Question

If $f\left( x \right)=\dfrac{1+{{e}^{\dfrac{1}{x}}}}{1-{{e}^{\dfrac{1}{x}}}}\text{ }\left( x\ne 0 \right)\text{ and f}\left( 0 \right)=1$ , the f(x) is
(a) Left continuous at x=0
(b) Right continuous at x=0
(c) Continuous at x=0
(d) None

Answer 1

Hint: Check the continuity of the function f(x) at x=0, and if it is not continuous check for the one sided continuity of the function at x=0. For finding the RHL, try to eliminate the ${{e}^{\dfrac{1}{x}}}$ from the denominator and numerator, while for finding the LHL, directly put the limit.

Complete step-by-step answer:
For f(x) to be continuous at x=a, the value of the function at x=a must be equal to $\underset{x\to {{a}^{-}}}{\mathop{\lim }}\,f(x)\text{ and }\underset{x\to {{a}^{+}}}{\mathop{\lim }}\,f(x)$ .
Therefore, checking the continuity of the function $f\left( x \right)=\dfrac{1+{{e}^{\dfrac{1}{x}}}}{1-{{e}^{\dfrac{1}{x}}}}\text{ }\left( x\ne 0 \right)\text{ and f}\left( 0 \right)=1$ .
First, finding the right-hand limit of the given function.
$\underset{x\to {{0}^{+}}}{\mathop{\lim }}\,\dfrac{1+{{e}^{\dfrac{1}{x}}}}{1-{{e}^{\dfrac{1}{x}}}}$
Now, if we take ${{e}^{\dfrac{1}{x}}}$ from both, the denominator and the numerator of the expression, we get
$\underset{x\to {{0}^{+}}}{\mathop{=\lim }}\,\dfrac{{{e}^{\dfrac{1}{x}}}\left( 1+{{e}^{-\dfrac{1}{x}}} \right)}{{{e}^{\dfrac{1}{x}}}\left( {{e}^{-\dfrac{1}{x}}}-1 \right)}$
Now we know that as x approaches to 0 from the right side, the value of $-\dfrac{1}{x}$ approaches $-\infty$ , hence the value of ${{e}^{-\dfrac{1}{x}}}$ tends to be zero.
$\therefore \underset{x\to {{0}^{+}}}{\mathop{\lim }}\,\dfrac{{{e}^{\dfrac{1}{x}}}\left( 1+{{e}^{-\dfrac{1}{x}}} \right)}{{{e}^{\dfrac{1}{x}}}\left( {{e}^{-\dfrac{1}{x}}}-1 \right)}=\dfrac{1+0}{0-1}=-1$
Next, finding the left hand limit.
$\underset{x\to {{0}^{-}}}{\mathop{\lim }}\,\dfrac{1+{{e}^{\dfrac{1}{x}}}}{1-{{e}^{\dfrac{1}{x}}}}$
Now we know that as x approaches to 0 from the left side, the value of $\dfrac{1}{x}$ approaches $-\infty$ , hence the value of ${{e}^{\dfrac{1}{x}}}$ tends to be zero.
$\therefore \underset{x\to {{0}^{-}}}{\mathop{\lim }}\,\dfrac{1+{{e}^{\dfrac{1}{x}}}}{1-{{e}^{\dfrac{1}{x}}}}=\dfrac{1+0}{1-0}=1$

As we can see, the left-hand limit of the function is equal to the value of the limit at zero, so the function is left continuous at x=0. Hence, the answer to the above question is option (a).
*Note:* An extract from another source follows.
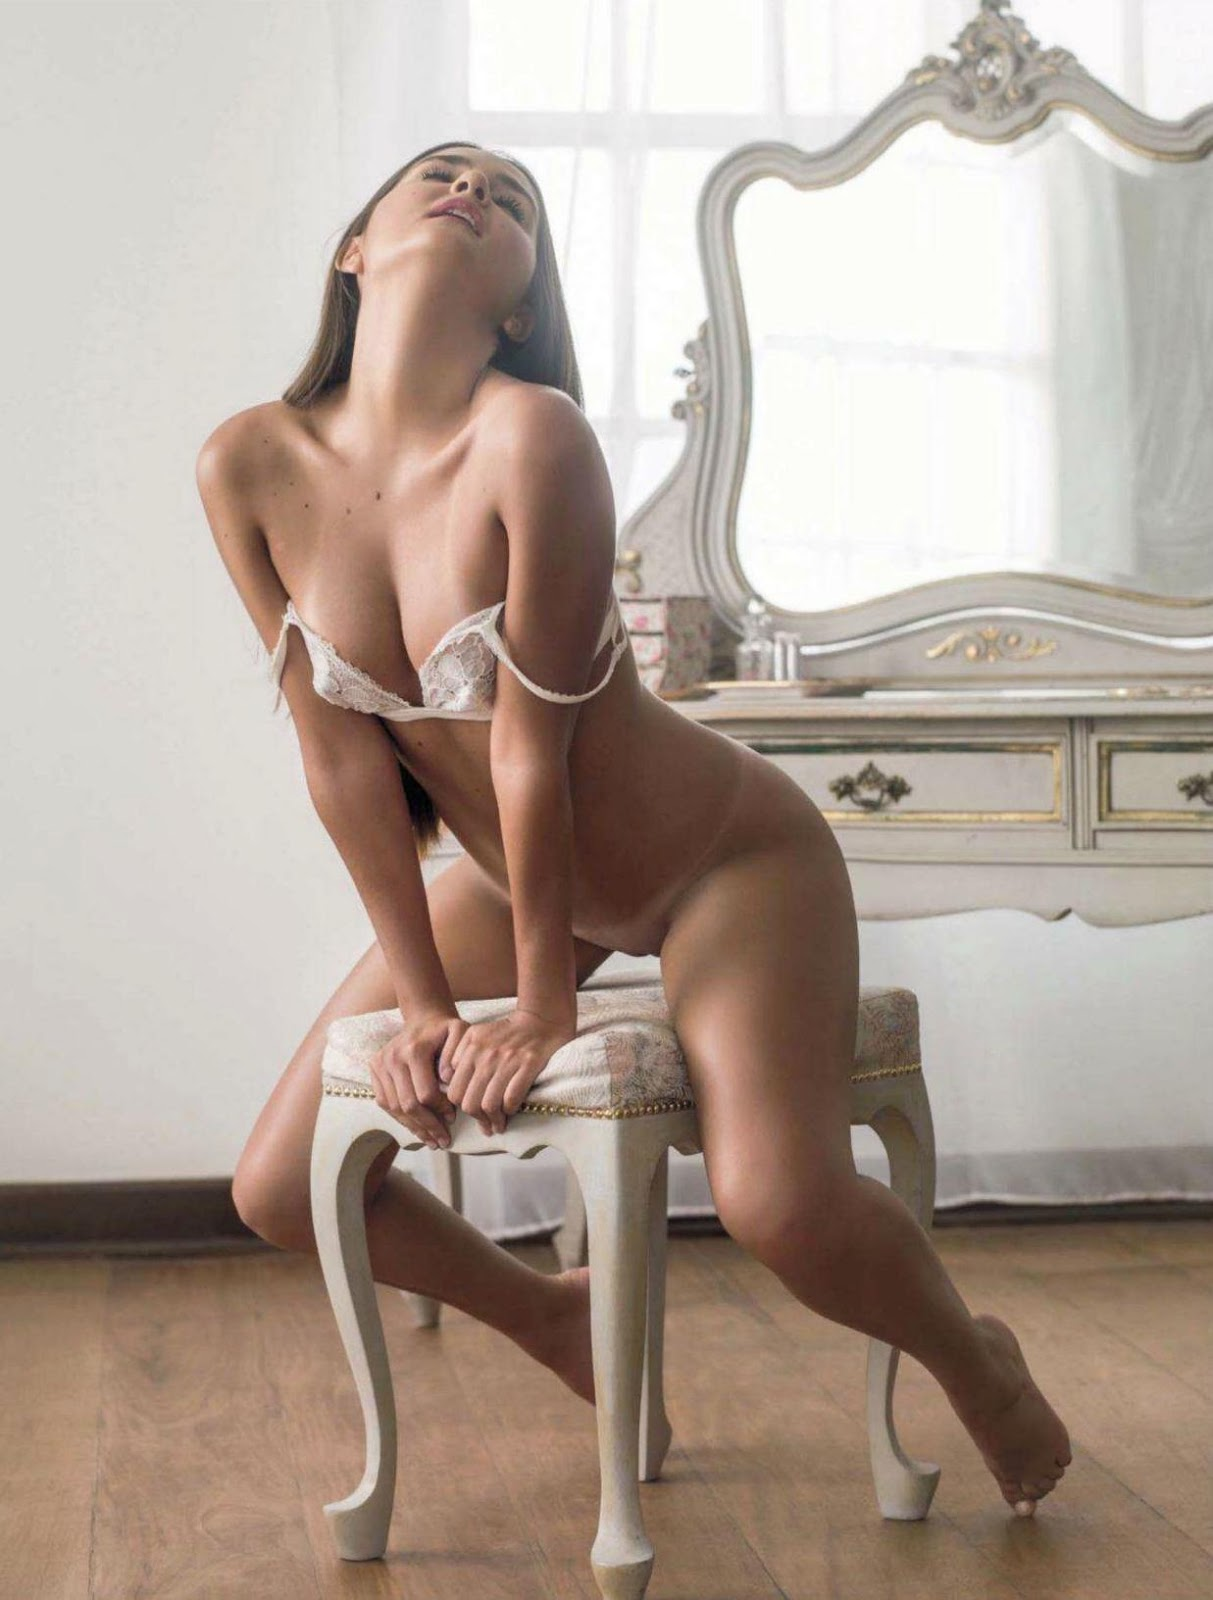 http://3.bp.blogspot.com/-bXdx06FTso8/UO21pDtjwbI/AAAAAAAAHq8/6IPlbOCBsKw/s1600/689289803_CatarinaMigliorini_011_123_543lo.jpg

Note: Whenever you come across the forms $\dfrac{0}{0}$ or $\dfrac{\infty }{\infty }$ always give a try to L-hospital’s rule as this may give you the answer in the fastest possible manner. Also, keep a habit of checking the indeterminate forms of the expressions before starting with the questions of limit as this helps you to select the shortest possible way to reach the answer.